Identification of the Streptococcus gordonii glmM gene encoding phosphoglucosamine mutase and its role in bacterial cell morphology, biofilm formation, and sensitivity to antibiotics

Department of Pediatric Dentistry, Nippon Dental University School of Life Dentistry at Tokyo, Tokyo, Japan.

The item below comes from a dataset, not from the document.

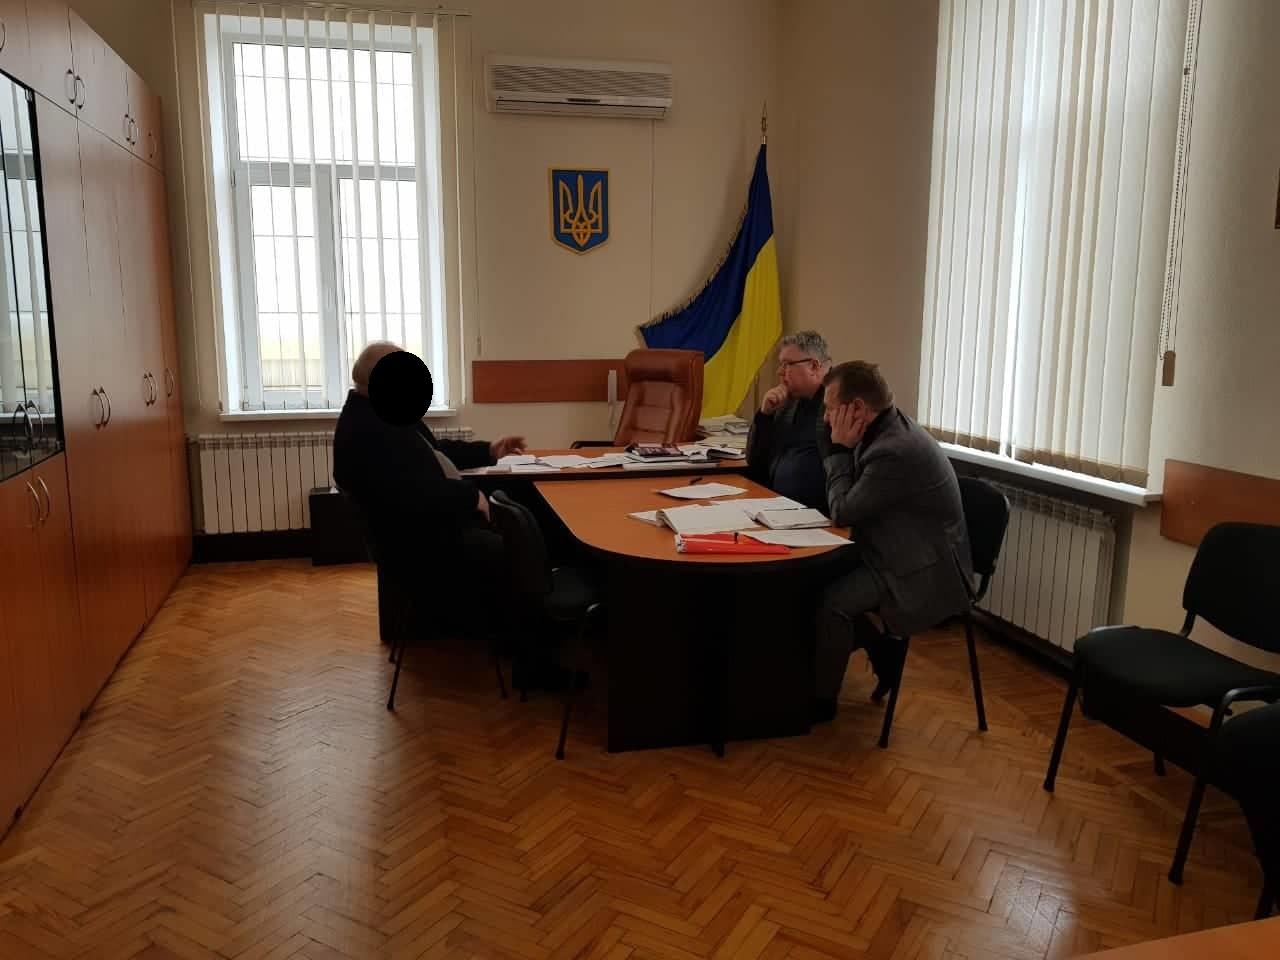 Главе запорожского села вручили подозрение в растрате бюджетных средств при газификации села

FEMS Immunology & Medical Microbiology (Impact Factor: 3.08). 08/2008; 53(2):166-77. DOI: 10.1111/j.1574-695X.2008.00410.x
Source: PubMed


Phosphoglucosamine mutase (EC catalyzes the interconversion of glucosamine-6-phosphate into glucosamine-1-phosphate, an essential step in the biosynthetic pathway leading to the formation of peptidoglycan precursor uridine 5'-diphospho-N-acetylglucosamine. The gene (glmM) of Escherichia coli encoding the enzyme has been identified previously. We have now identified a glmM homolog in Streptococcus gordonii, an early colonizer on the human tooth and an important cause of infective endocarditis, and have confirmed that the gene encodes phosphoglucosamine mutase by assaying the enzymatic activity of the recombinant GlmM protein. Insertional glmM mutant of S. gordonii did not produce GlmM, and had a growth rate that was approximately half that of the wild type. Morphological analyses clearly indicated that the glmM mutation causes marked elongation of the streptococcal chains, enlargement of bacterial cells, and increased roughness of the bacterial cell surface. Furthermore, the glmM mutation reduces biofilm formation and increases sensitivity to penicillins relative to wild type. All of these phenotypic changes were also observed in a glmM deletion mutant, and were restored by the complementation with plasmid-borne glmM. These results suggest that, in S. gordonii, mutations in glmM appear to influence bacterial cell growth and morphology, biofilm formation, and sensitivity to penicillins.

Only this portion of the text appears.